If you run a venue licensed for the sale of alcohol for consumption on the premises, you should have a maximum occupancy capacity. Many venues have this capacity specified on the premises licences but often DPSs and licensees do not realise that maximum capacities are, in most cases, no longer a licensing issue.
When is a maximum capacity limit a licensing issue?
The only instances when a maximum capacity is relevant to a premises licence is where such a capacity limit has been imposed due to “public safety” and/or “prevention of crime and disorder” reasons.

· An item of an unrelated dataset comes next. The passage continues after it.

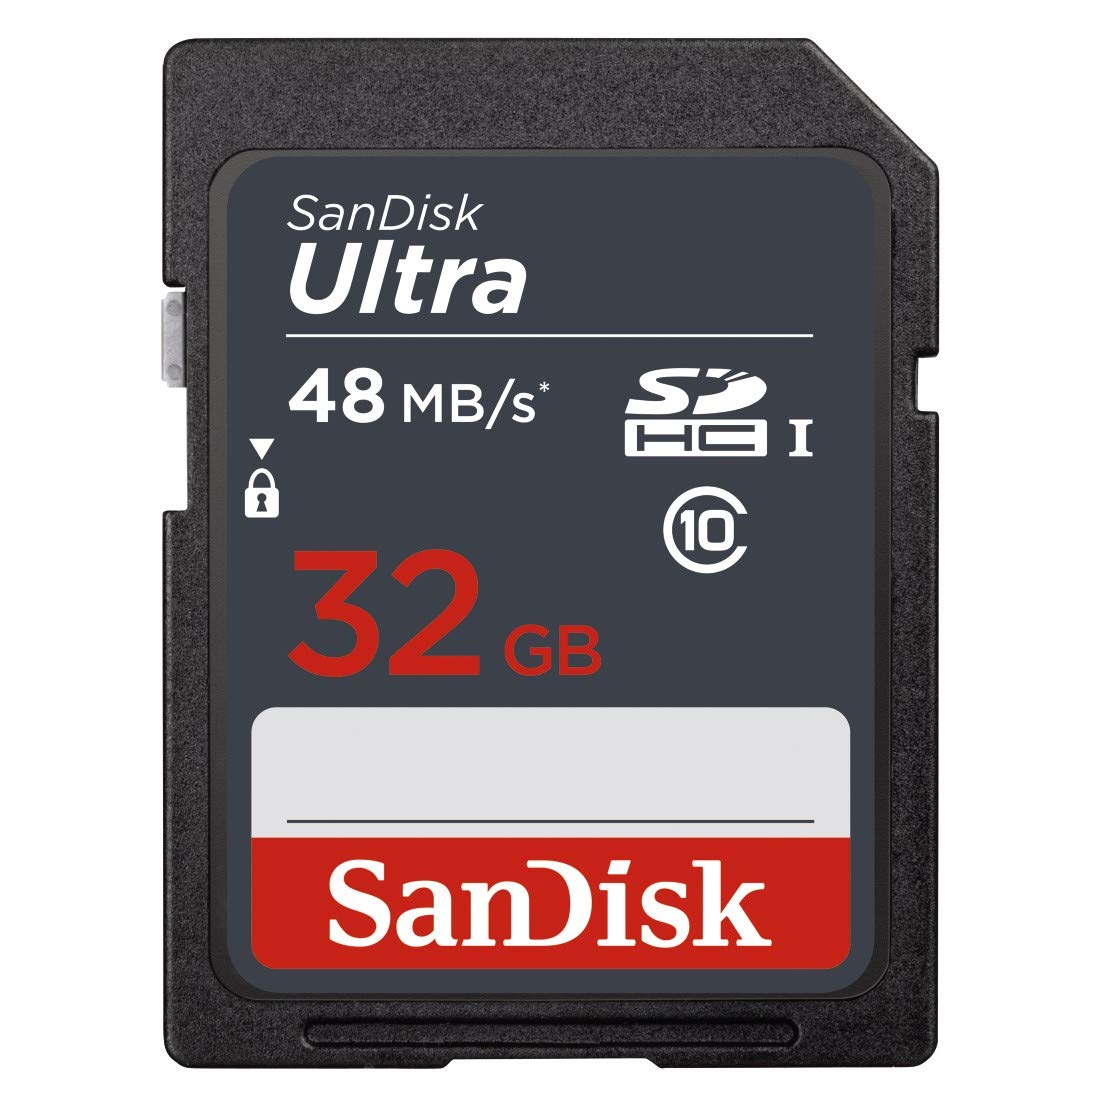 Sandisk Ultra 32gb SDHC Class 10 48mb/s Memory Card - The Camerashop

For example, where a venue has been associated with crime and disorder, a capacity limit can be imposed to address the prevalence of this or a maximum capacity can be applied to certain events hosted by a venue to protect customers of performers.
A maximum capacity relating to public safety and crime/disorder can only be imposed by a licensing sub-committee following a review of a premises licence.
What a premises no longer can do is impose a maximum capacity limit for fire safety reasons.
When is a maximum capacity limit not a licensing issue?
In all other cases, i.e. not relating to public safety” and/or “prevention of crime and disorder” reasons, a maximum capacity limit is mandated by the Regulatory Reform (Fire Safety) Order 2005.
Maximum capacity limits under the 2005 Order does not need to be displayed on the premises licence. Maximum capacity limits for fire safety reasons is agreed by the local fire and rescue authority following a fire risk assessment.
What about the capacity printed on your licence?
If your premises licence specified a maximum capacity, you can in most cases ignore it. The only time when this cannot be ignored is when it has been imposed by a licensing sub-committee.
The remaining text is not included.